▶ Data for review:
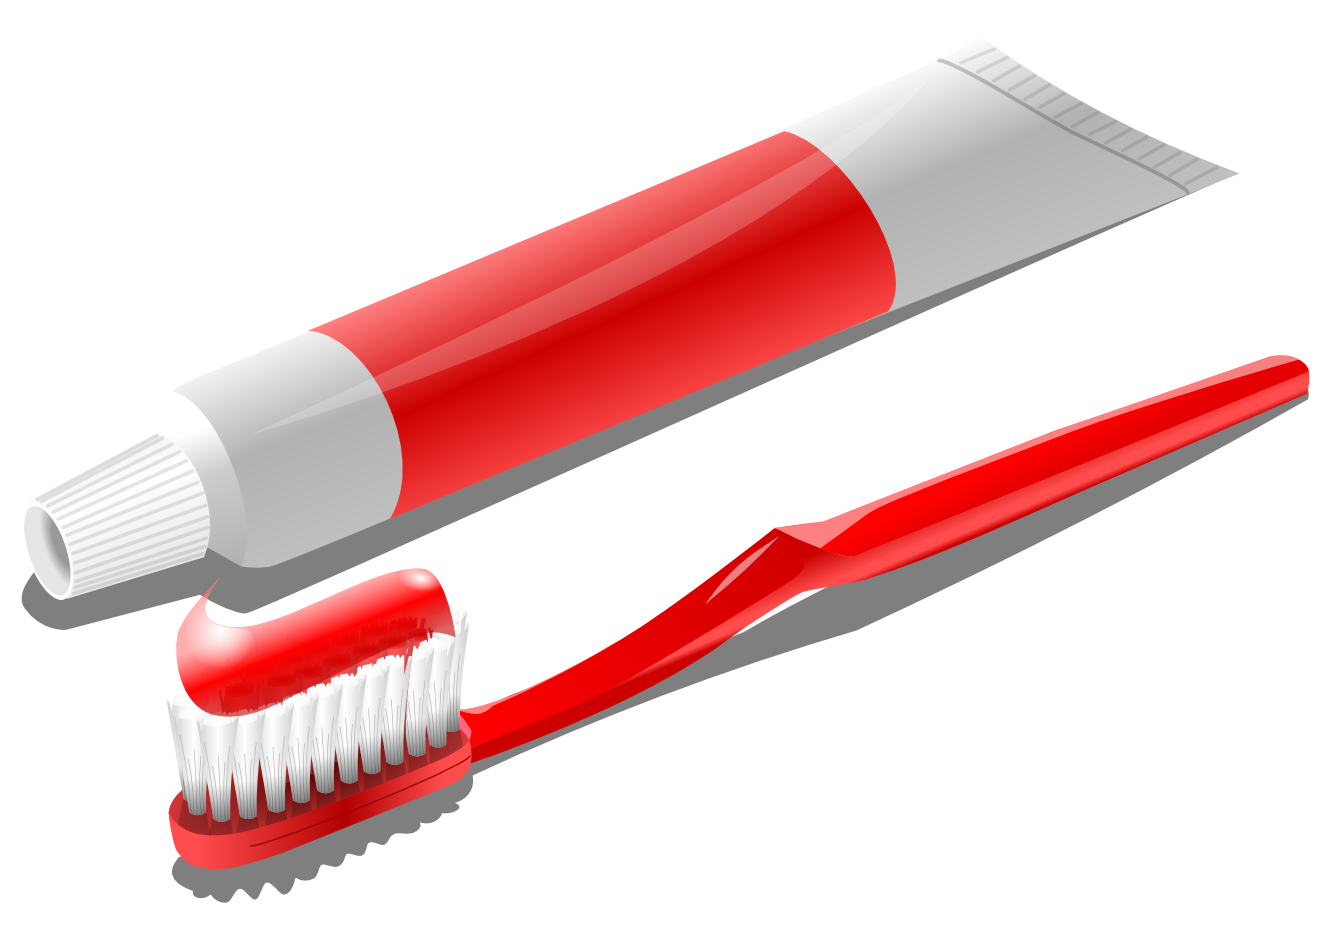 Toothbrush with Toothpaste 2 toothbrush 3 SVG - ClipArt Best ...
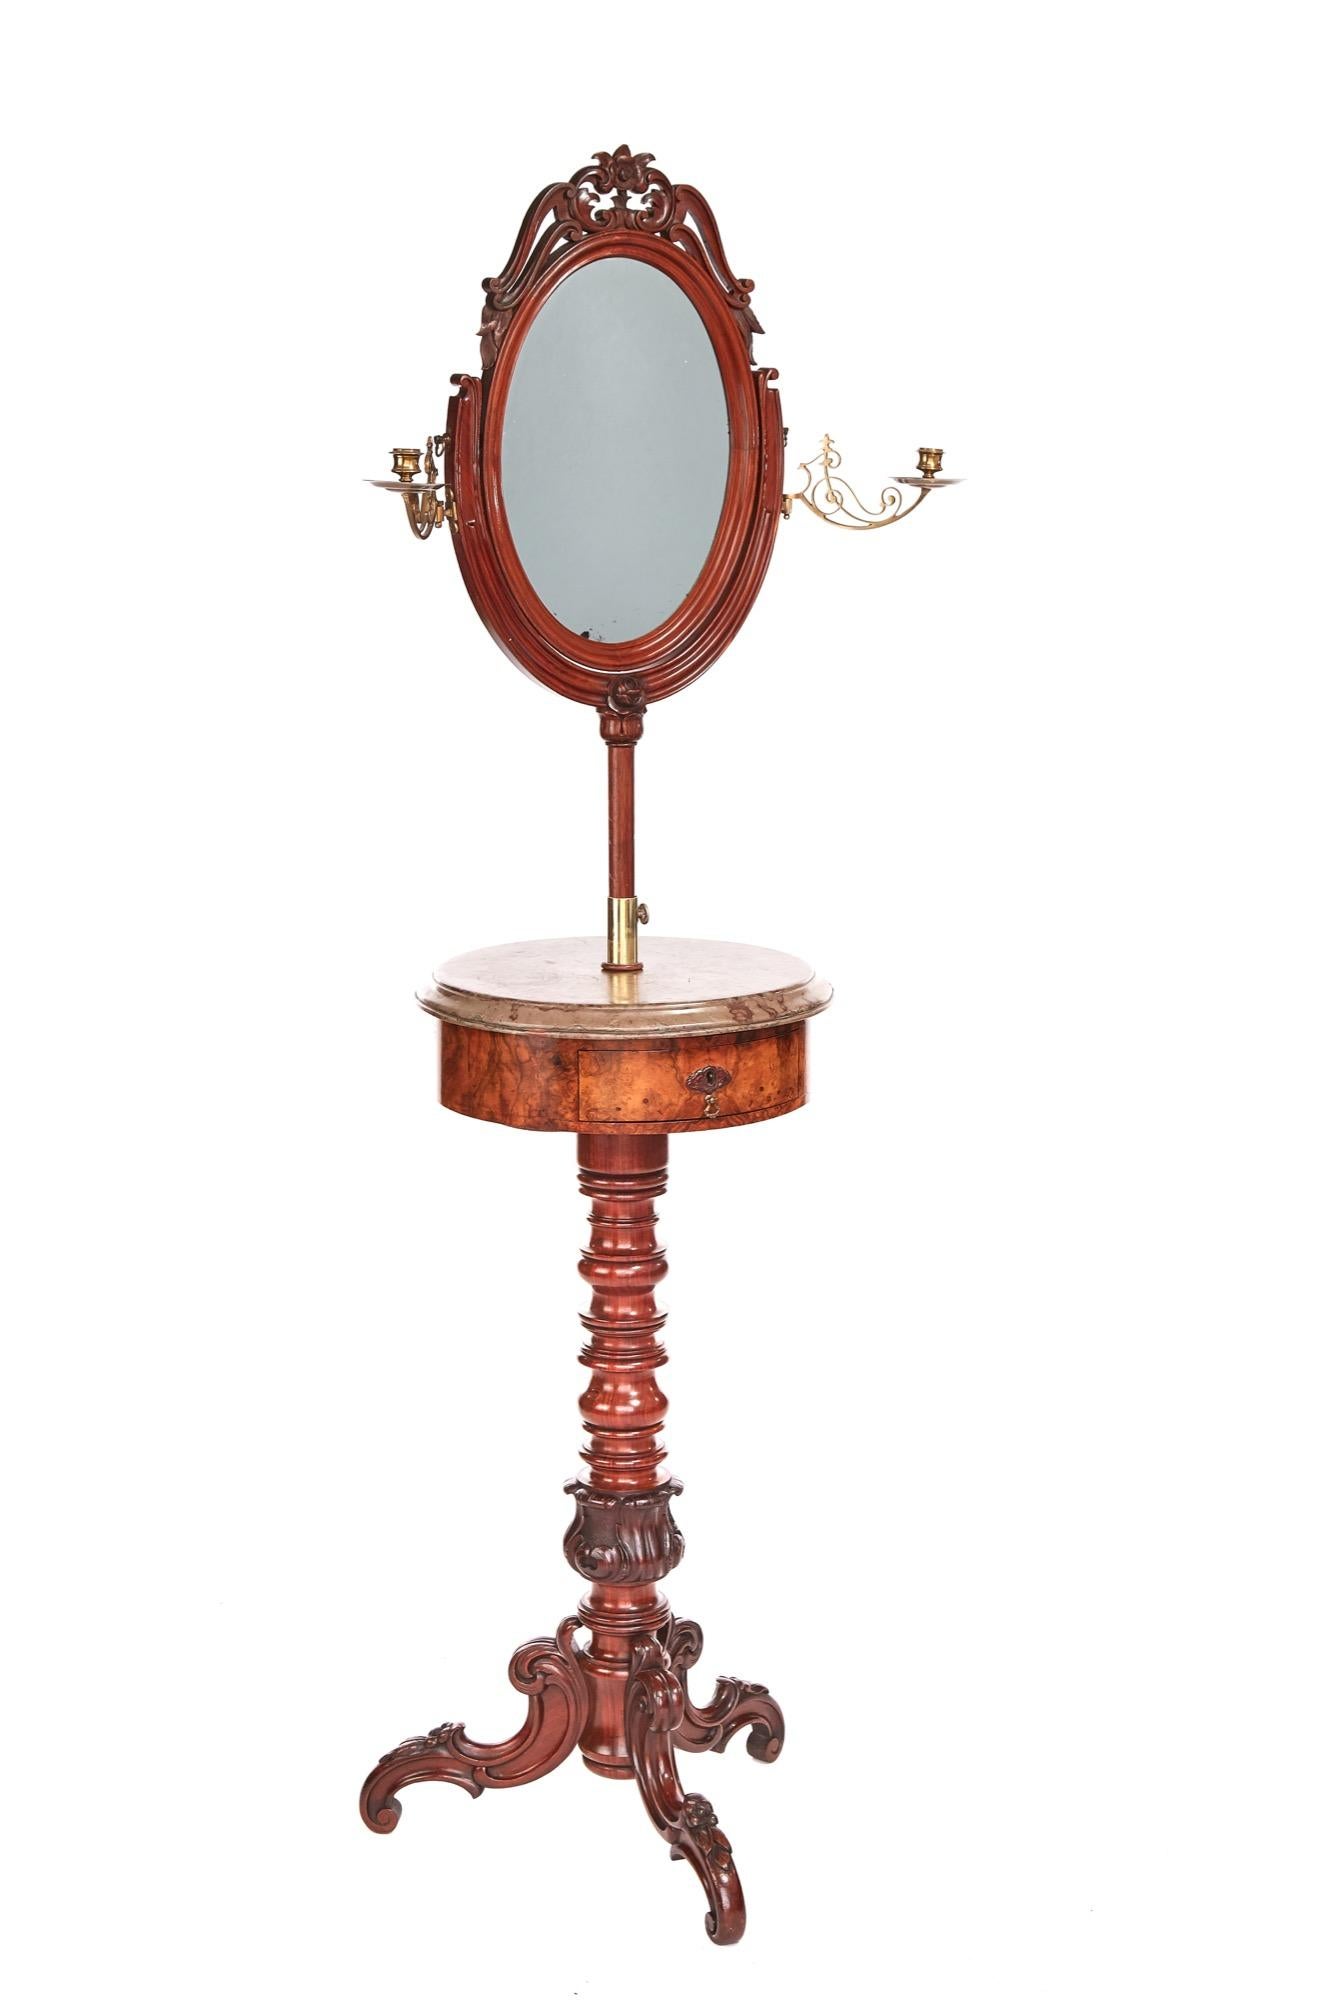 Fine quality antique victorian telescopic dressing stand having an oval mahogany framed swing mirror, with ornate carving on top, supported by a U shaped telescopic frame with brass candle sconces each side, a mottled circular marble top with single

--

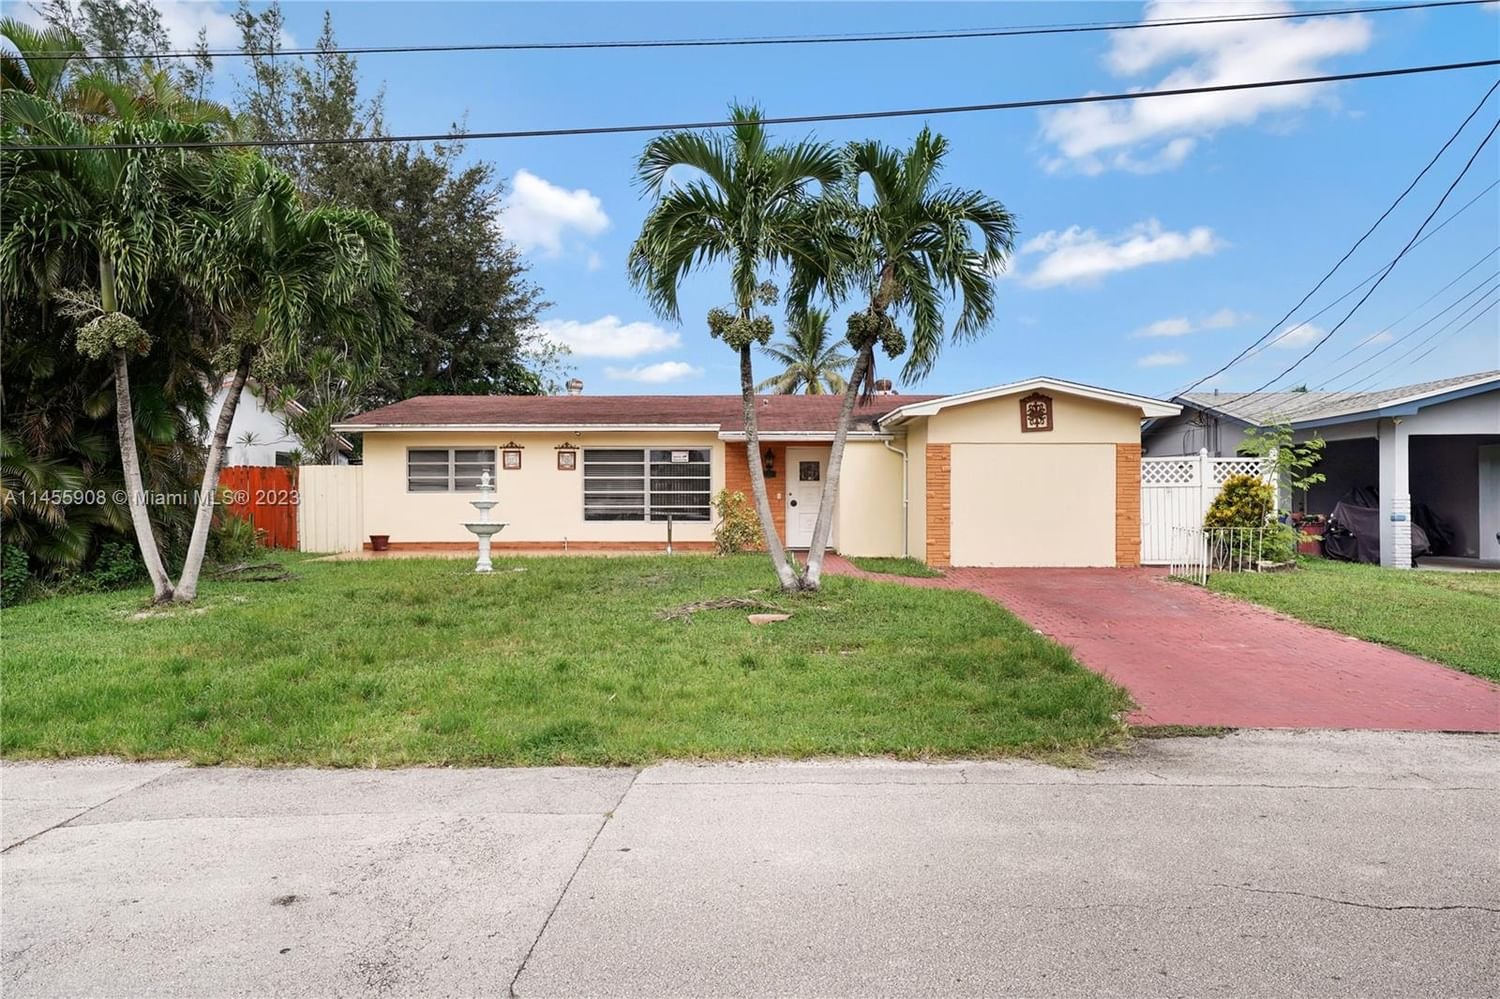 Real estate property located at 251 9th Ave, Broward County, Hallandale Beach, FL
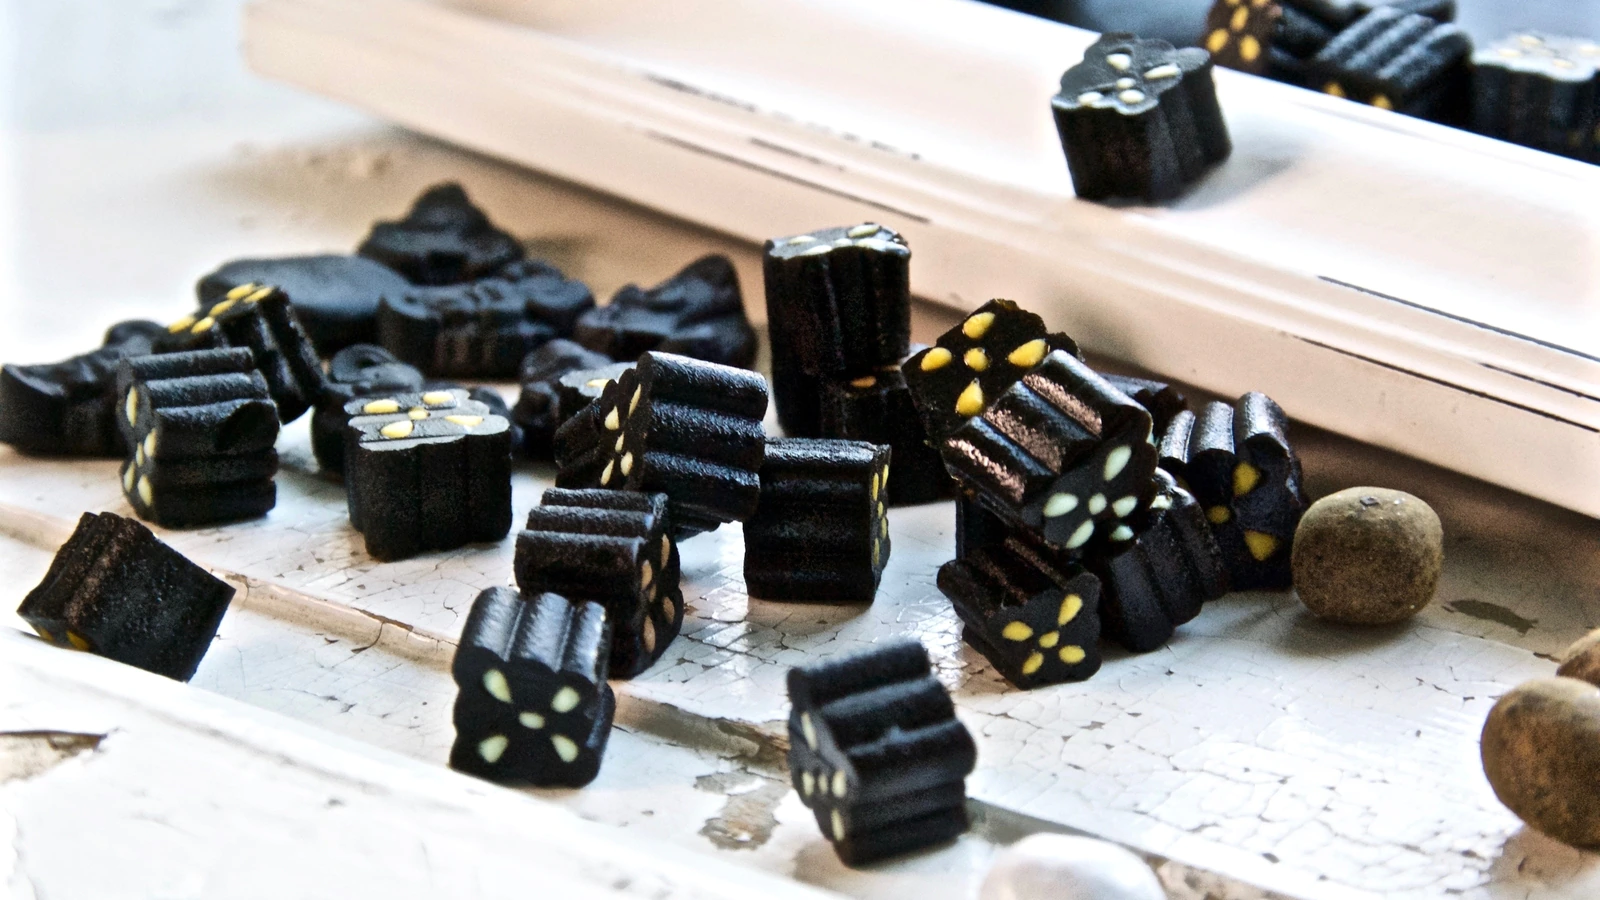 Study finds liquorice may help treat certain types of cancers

▶ Required action:
Both the line containing "Real estate property" and the line containing "Study finds liquorice" above belong in the output, as do the lines between them. Print them exactly, without pictures.

▶ Solution to this task:
 Real estate property located at 251 9th Ave, Broward County, Hallandale Beach, FL
 Study finds liquorice may help treat certain types of cancers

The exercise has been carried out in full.